My thoughts: I was also surprised to realize that most people I know consider preschool as a necessity these days. I never went to preschool and I excelled in school and always loved learning. I love spending time nurturing and teaching my children, and I put off the time they're gone from me all day as long as possible. I absolutely think of it as optional. Studies have shown they all catch up by 2nd grade, so any advantages kids might kid from pre-k are not long-term. I personally think a child will get more benefit out of interaction with a loving parent at that age.

My experience: I personally did preschool at home with both of my kids when they were 3, then put them in a Montessori preschool the year before kindergarten when they were 4 to ease the transition to school, (one is now 6, the other is 4) and did half-day kindergarten. With my first child I used a Montessori approach and any other creative ideas I came up with. It was amazing. Check out the book "How to Raise an Amazing Child the Montessori Way" for some good ideas on activities. There are also websites with some online learning games, and there are just TONS of ways to teach a child at home in ways that are intriguing to the child. I think his learning experience was much more enriching this way, plus it saves a ton of money. Not only was he learning, but also bonding with me. My son excelled in kindergarten and was 1 of only 2 kids in his kindergarten class who tested into the gifted program so he wasn't behind at all.

For my second child, my daughter, I was invited to join a preschool co-op called Joy School with 5 kids and 5 moms, so every 5 weeks I taught on Monday and Wednesday afternoon. We had a great group of dependable moms and used a wonderful curriculum that focuses on teaching them to experience the different joys in life rather than academics (http://www.valuesparenting.com/joyschool/). I also incorporated my own teaching activities I had come up with with my son. My daughter LOVED (and I mean LOVED) this little group and would rather do it than real preschool next year. It was more work and structure than what I did with my son, which is good and bad. It was more stressful to teach 5 little kids (plus my son who was home from kindergarten in the afternoons). I could delve deeper into subjects when teaching just my 2 kids, but with the co-op my daughter got more consistent teaching since it was an organized schedule. Bottom line: I preferred teaching just my 2 kids, my kids preferred the co-op.
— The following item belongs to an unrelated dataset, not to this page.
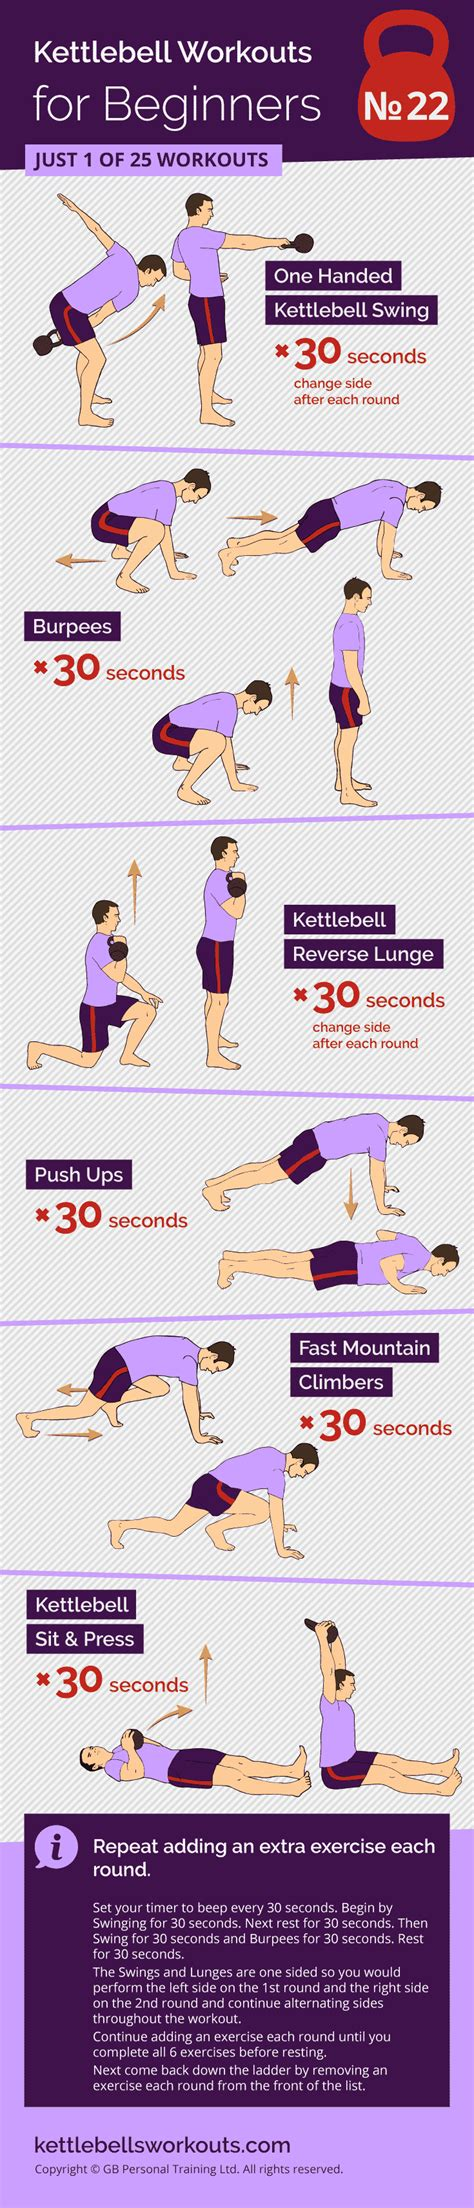 kettlebell workout ladder single movement sided workouts reverse

I am a member of MOMS Club (www.momsclub.org to find your local chapter) and I really enjoy it, and it helped eased my concern over my children socializing and interacting with other children since they didn't attend preschool at age 3.

One more thing, three extremely similar "requests" have been posted on mamasource, so I suggest looking back in the archives to see the responses those mothers received. Here are the links:
http://www.mamapedia.com/questions/17318259280276684801
http://www.mamapedia.com/questions/303077268677197825?ak=...
http://www.mamapedia.com/questions/10879874065347117057?a...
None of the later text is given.